Des titres de séjours pour les aide-soignants
Par ailleurs, l'écologiste souligne que les groupes d'Ehpad privés lucratif continuent à s'enrichir malgré la situation financière difficile des Ehpad : « Les gestionnaires d'Ehpad privés à but lucratif présentent un résultat net positif et s'enrichissent ainsi grâce à l'hébergement des personnes âgées dépendantes, soutenu par la Sécurité sociale ». Il faut donc, défend Anne Souyris, rendre transparents les comptes de tous les Ehpad, « sans que les gestionnaires ne puissent faire valoir le secret des affaires ».
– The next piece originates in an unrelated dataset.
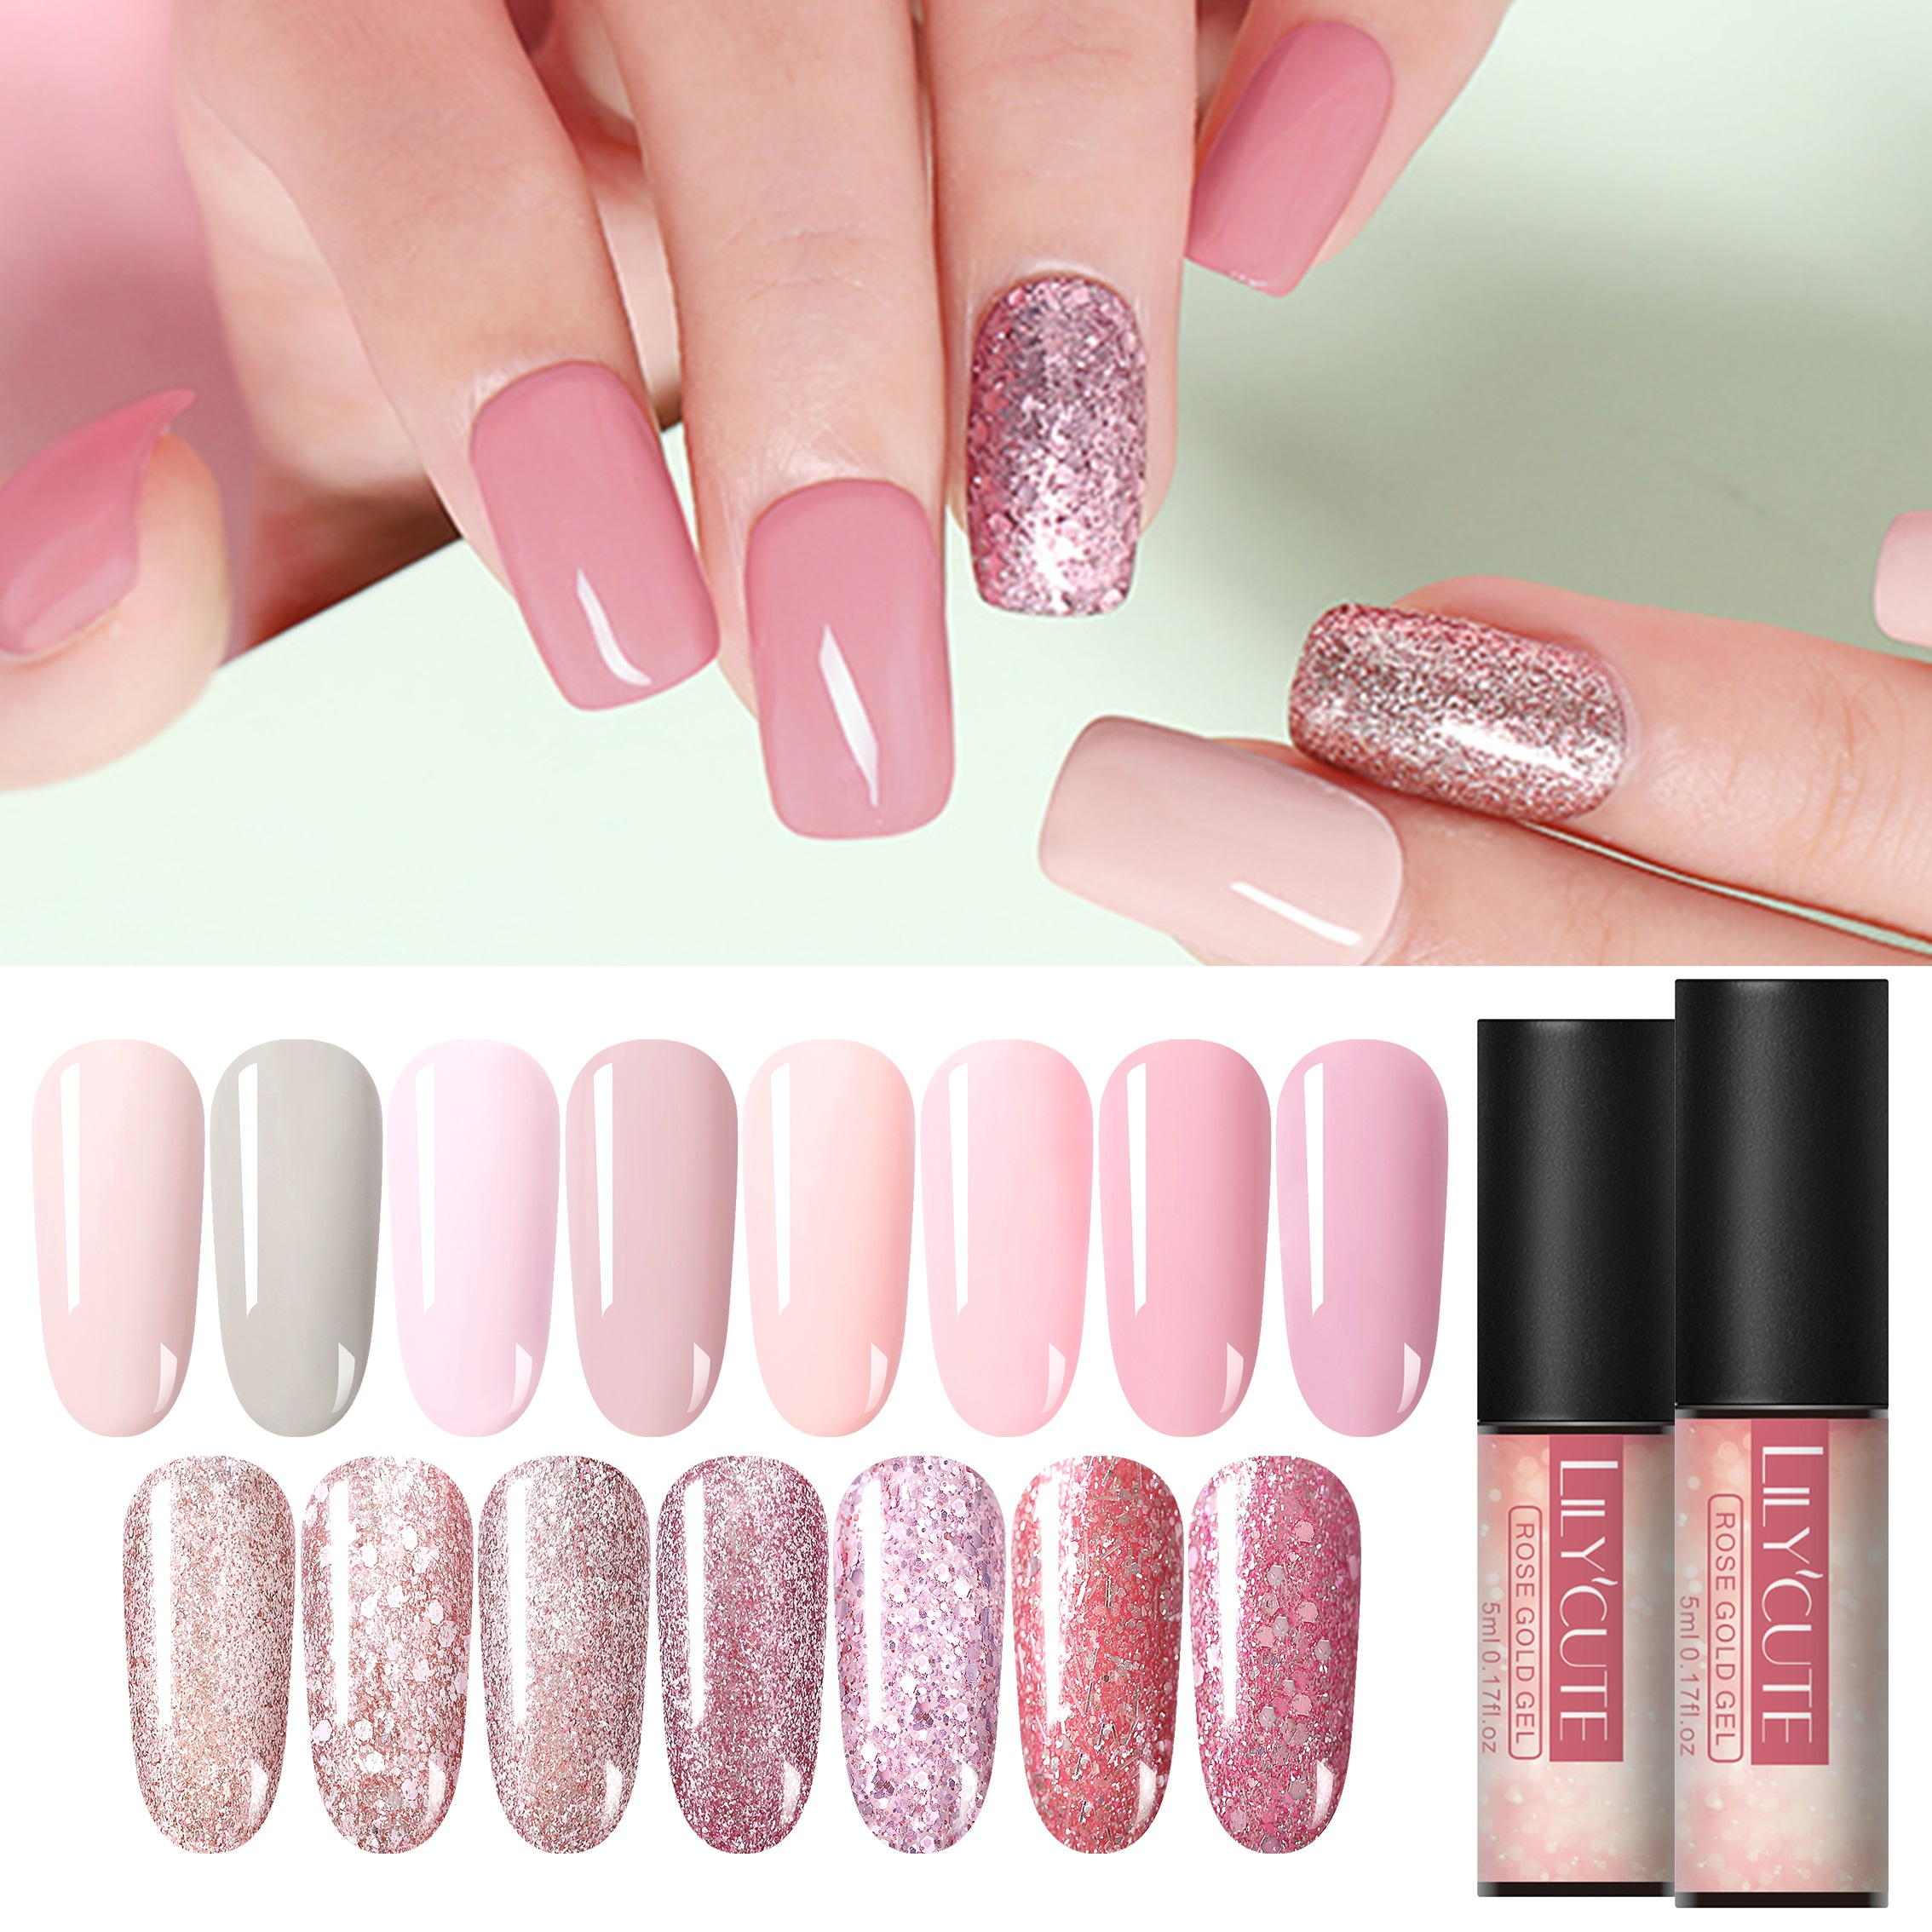 LILYCUTE, розовое золото, УФ-Гель-лак, замачиваемые Блестки для ногтей, лак для ногтей, долговечный, замачиваемый, Сияющий УФ-Гель-лак для ногтей

« Compte tenu de la pénurie de professionnels dans le secteur du grand âge, le recours à la main d'œuvre étrangère semble aujourd'hui incontournable afin de répondre aux besoins de recrutement », met aussi en avant la sénatrice écologiste. Elle propose la création d'un titre de séjour ouvert aux professionnels qualifiés pour exercer le métier d'aide-soignant, ainsi qu'aux personnes admises dans des formations pour accéder à ce métier.
D'autres idées sont avancées par l'élue pour dépasser le modèle actuel des Ehpad : privilégier les petits Ehpad, d'une vingtaine de places plutôt que des établissements avec 60 à 80 résidents ; ou même s'éloigner des Ehpad pour renforcer la vie au domicile des personnes âgées dépendantes.
Aux Assises des Ehpad, mi-septembre, le secteur a appelé le nouveau gouvernement à agir. Pour l'instant, le Premier ministre Michel Barnier n'a rien dit sur le sujet.
Rachel Knaebel
Dans un Ehpad de Perpignan, en août 2024. ©Aline Morcillo/Hans Lucas
Notes
[1] Entre 2020 et 2023, la part des Ehpad déficitaires, tous statuts confondus, est passée de 27% à 66 % des Ehpad.